● **Problem statement**
Write the data out again exactly, with no pictures.

● **Data section**
- - -

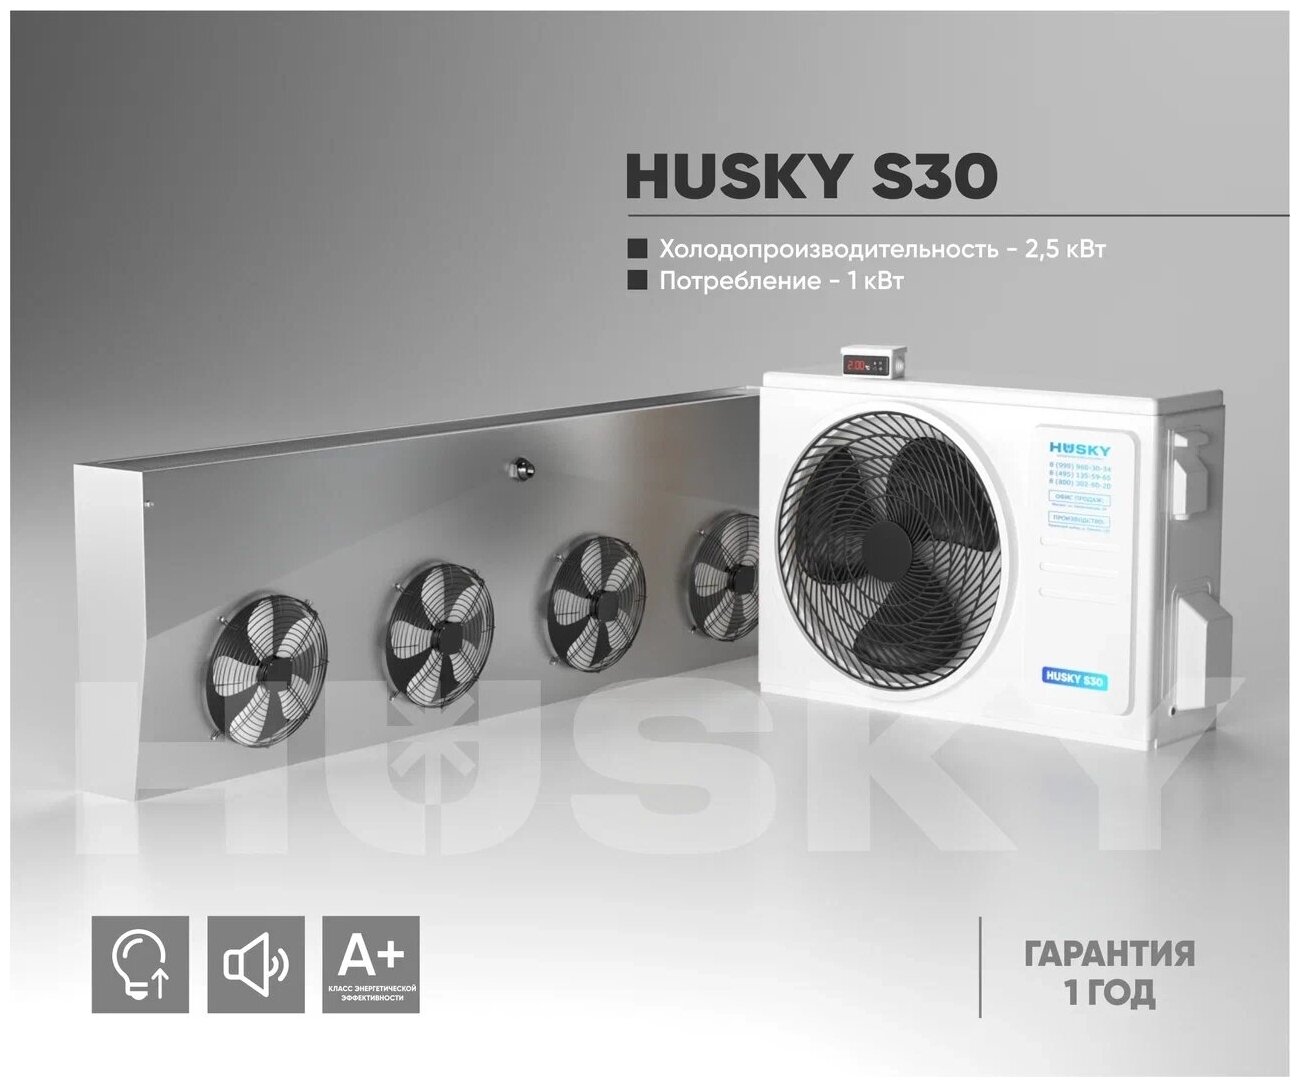 Холодильная установка HUSKY S30
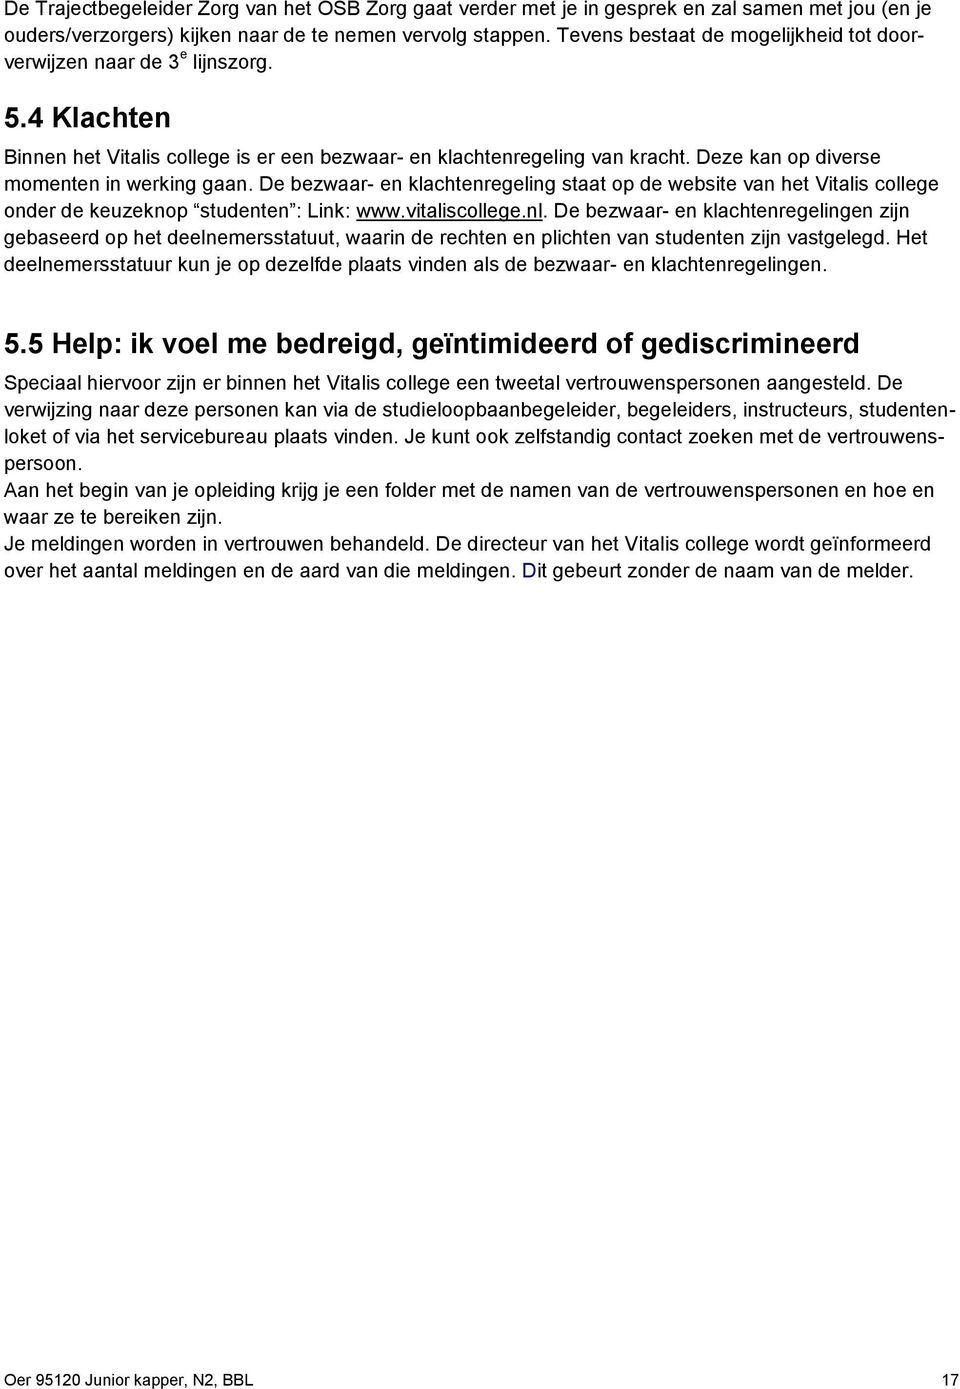 Deze kan op diverse momenten in werking gaan. De bezwaar- en klachtenregeling staat op de website van het Vitalis college onder de keuzeknop studenten : Link: www.vitaliscollege.nl.
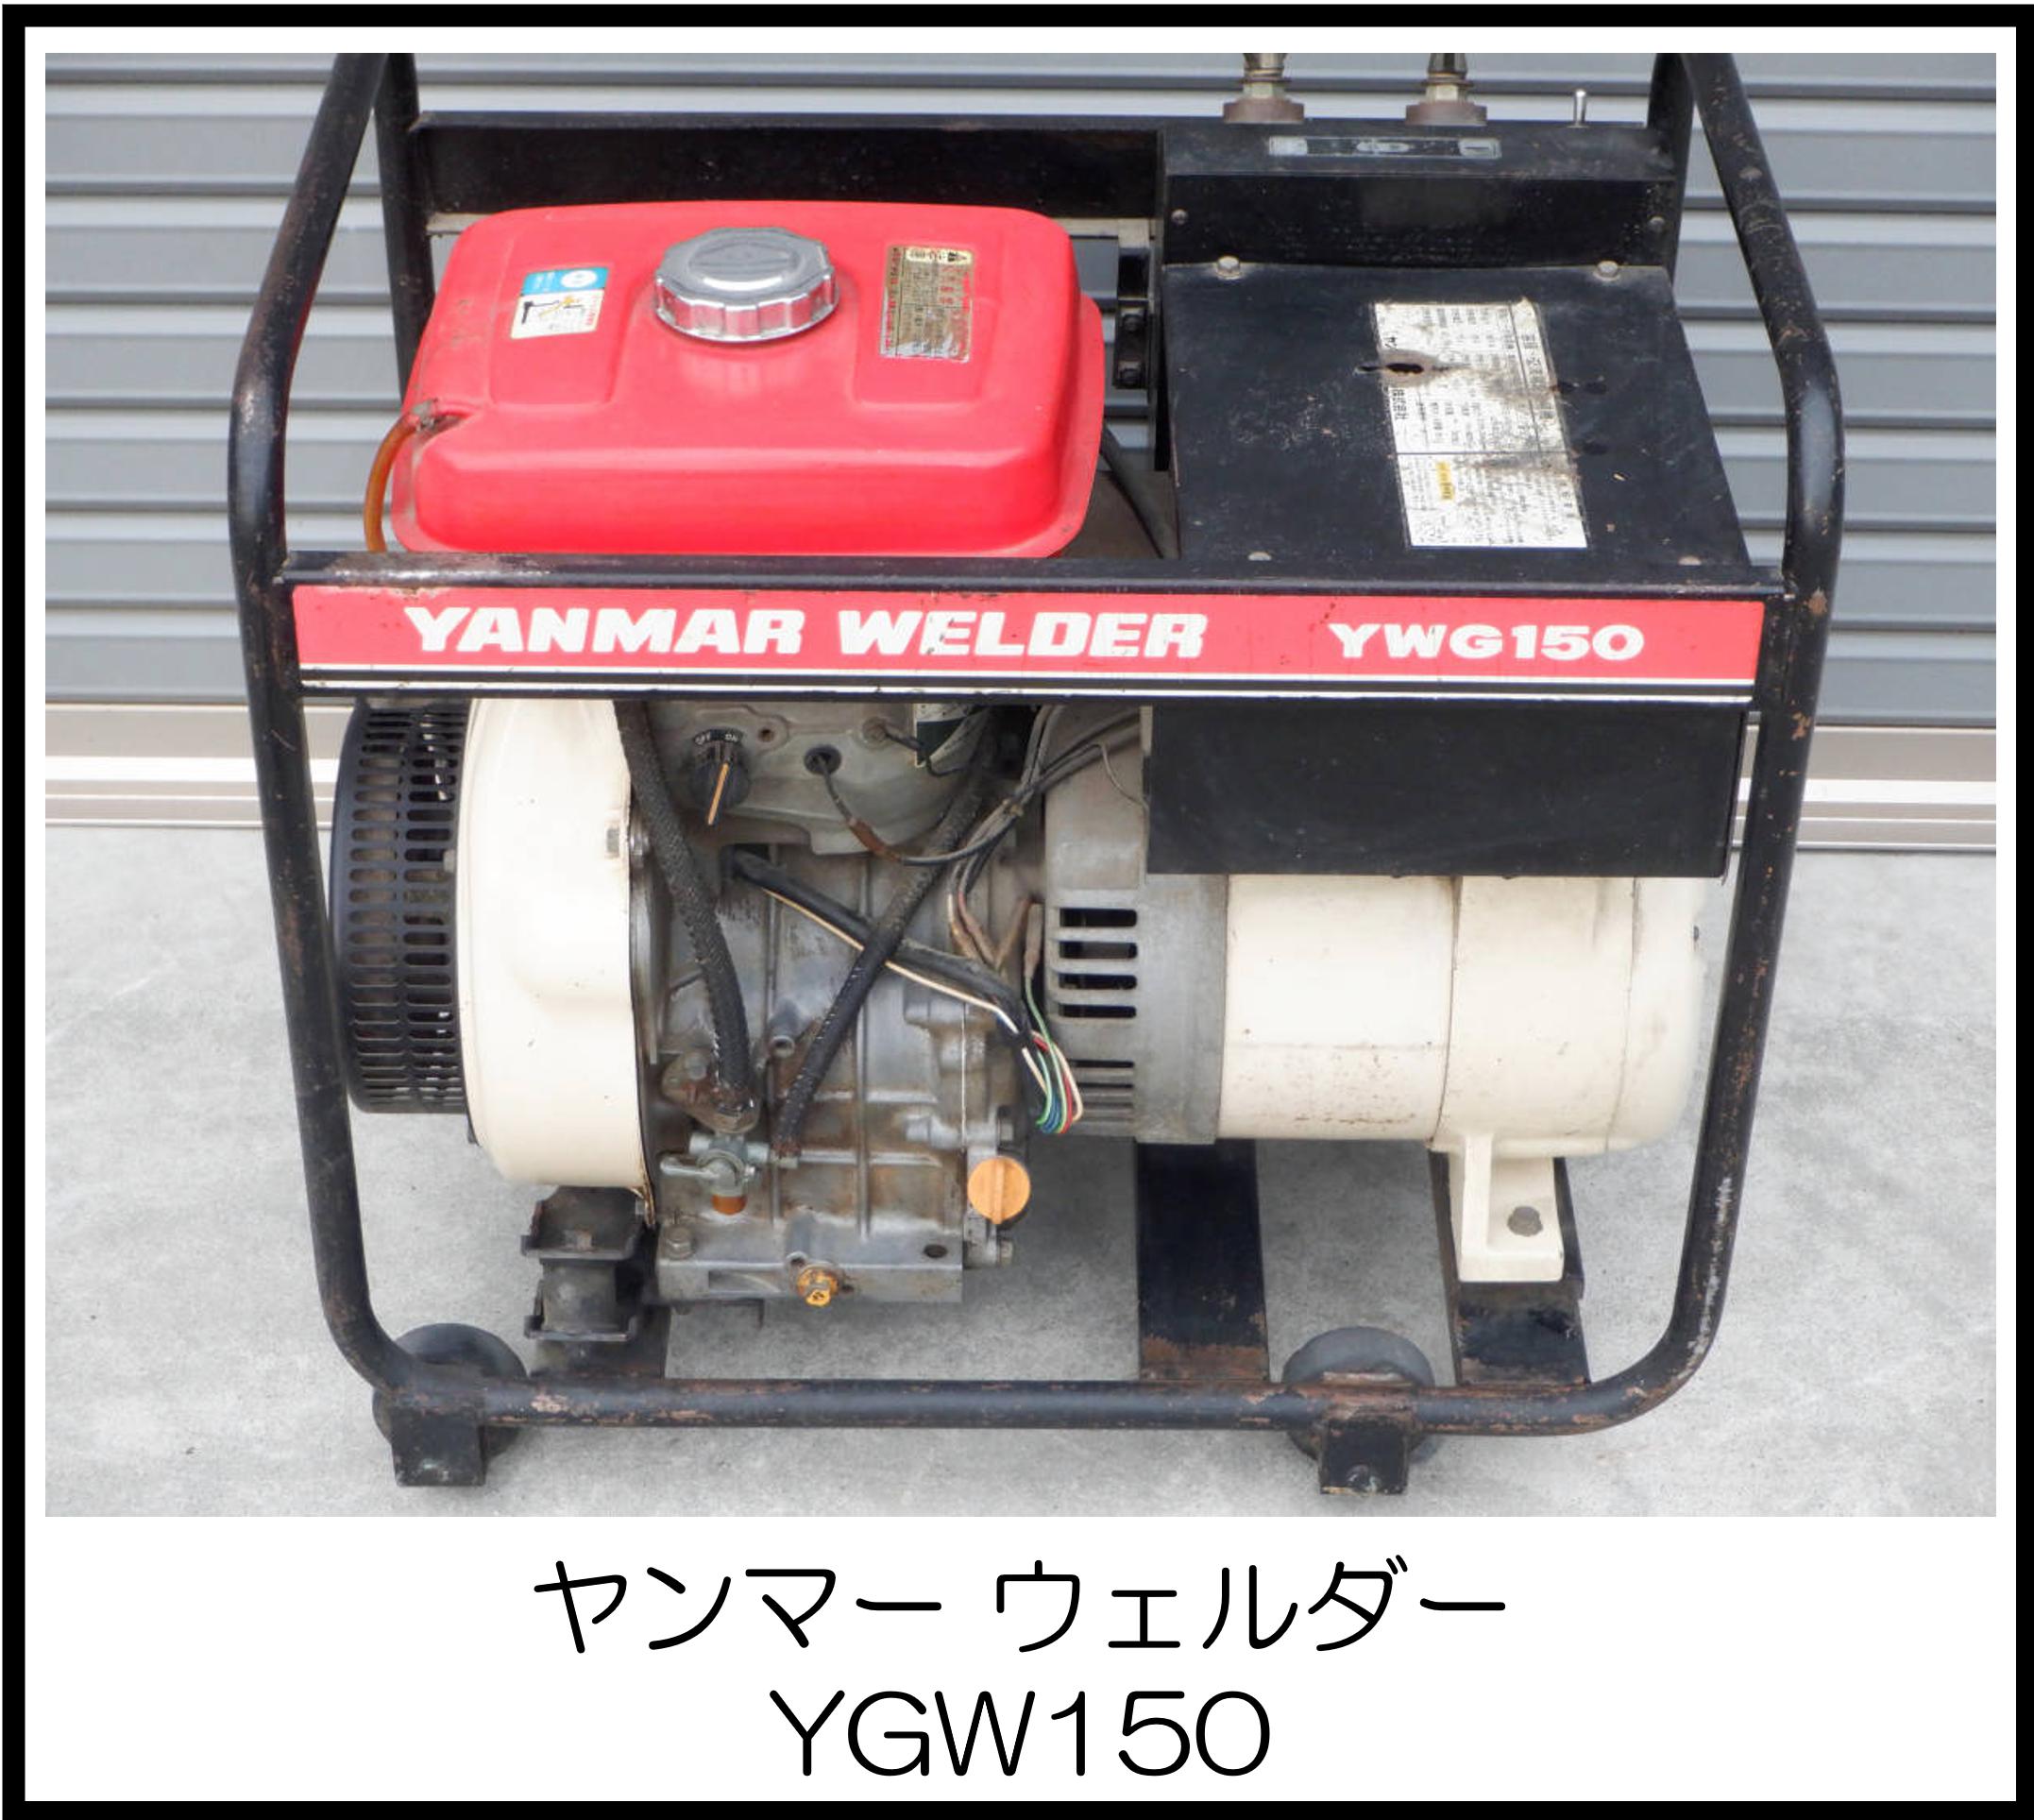 ヤンマー ウェルダー YGW150 大阪工具買取エスクライン

- - -

● **Problem solution**
 Холодильная установка HUSKY S30
 Deze kan op diverse momenten in werking gaan. De bezwaar- en klachtenregeling staat op de website van het Vitalis college onder de keuzeknop studenten : Link: www.vitaliscollege.nl.
 ヤンマー ウェルダー YGW150 大阪工具買取エスクライン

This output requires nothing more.